Peanut Company acquired 100 percent of Snoopy Companys outstanding common stock for $300,000 on January 1, 20X8, when the book value of Snoopys net assets was equal to $300,000. Peanut uses the equity method to account for investments. Trial balance data for Peanut and Snoopy as of December 31, 20X8, are as follows:

Peanut Company Snoopy Company
Debit Credit Debit Credit
Cash $ 130,000 $ 80,000
Accounts Receivable 165,000 65,000
Inventory 200,000 75,000
Investment in Snoopy Company 355,000 0
Land 200,000 100,000
Buildings & Equipment 700,000 200,000
Cost of Goods Sold 200,000 125,000
Depreciation Expense 50,000 10,000
Selling & Administrative Expense 225,000 40,000
Dividends Declared 100,000 20,000
Accumulated Depreciation $ 450,000 $ 20,000
Accounts Payable 75,000 60,000
Bonds Payable 200,000 85,000
Common Stock 500,000 200,000
Retained Earnings 225,000 100,000
Sales 800,000 250,000
Income from Snoopy Company 75,000 0
Total $ 2,325,000 $ 2,325,000 $ 715,000 $ 715,000

(Assume the company prepares the optional Accumulated Depreciation Elimination Entry) Required: a.
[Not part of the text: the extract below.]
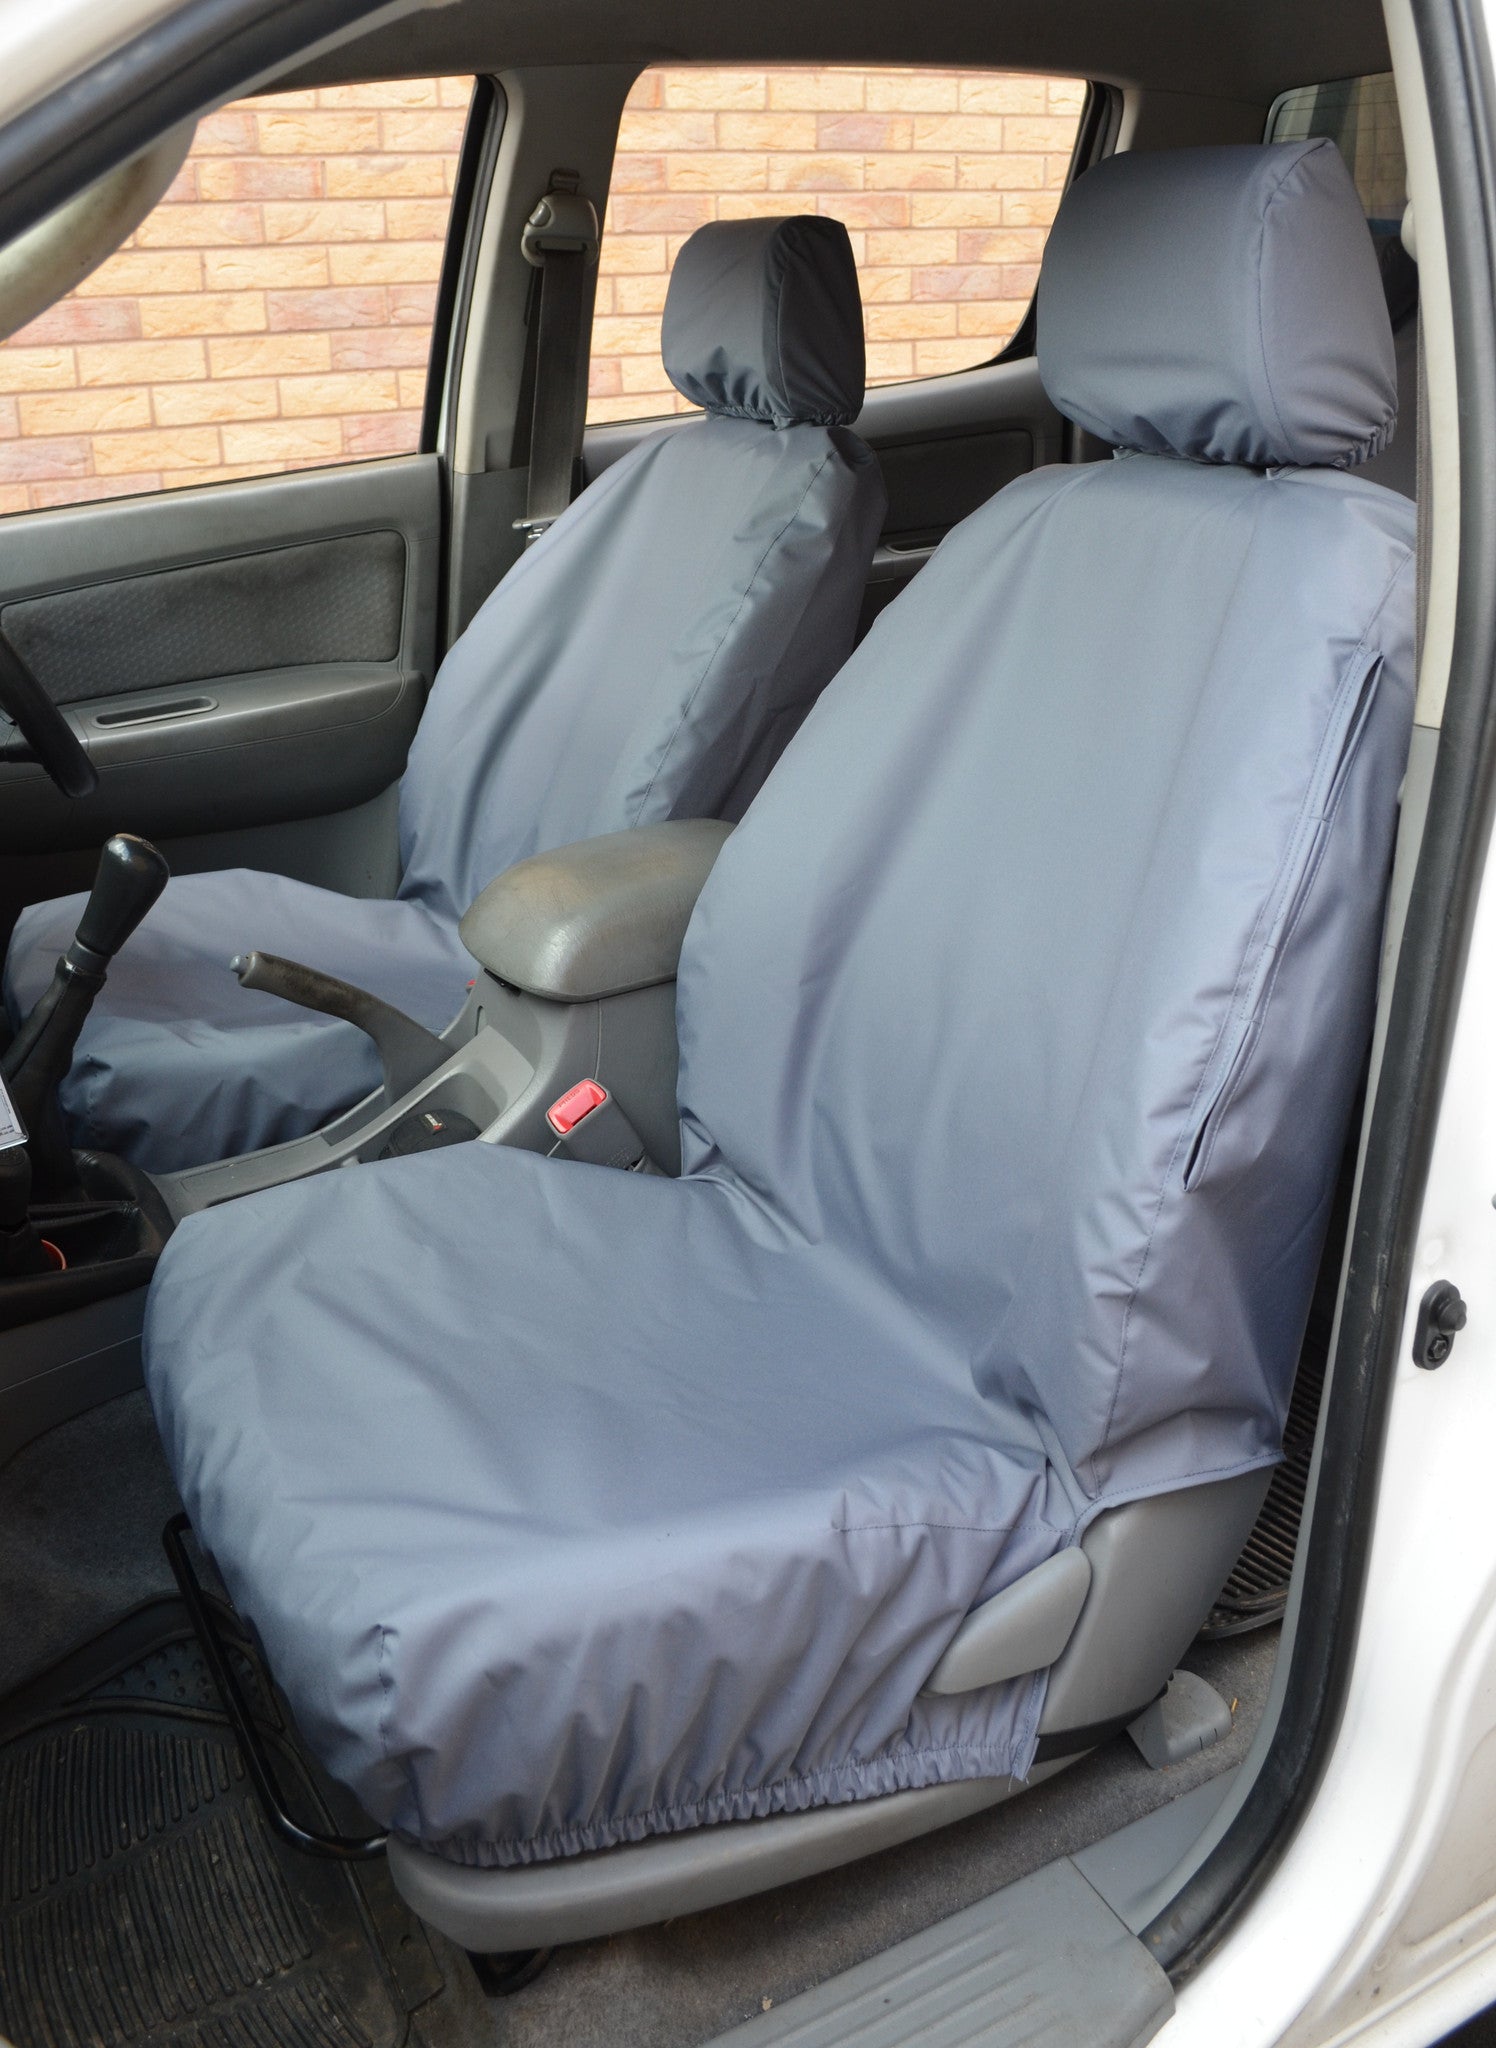 Toyota Hilux 2005 - 2016 Seat Covers Front Pair / Grey Turtle Covers Ltd

Prepare the journal entries on Peanuts books for the acquisition of Snoopy on January 1, 20X8, as well as any normal equity method entry(ies) related to the investment in Snoopy Company during 20X8. (If no entry is required for a transaction/event, select "No journal entry required" in the first account field.)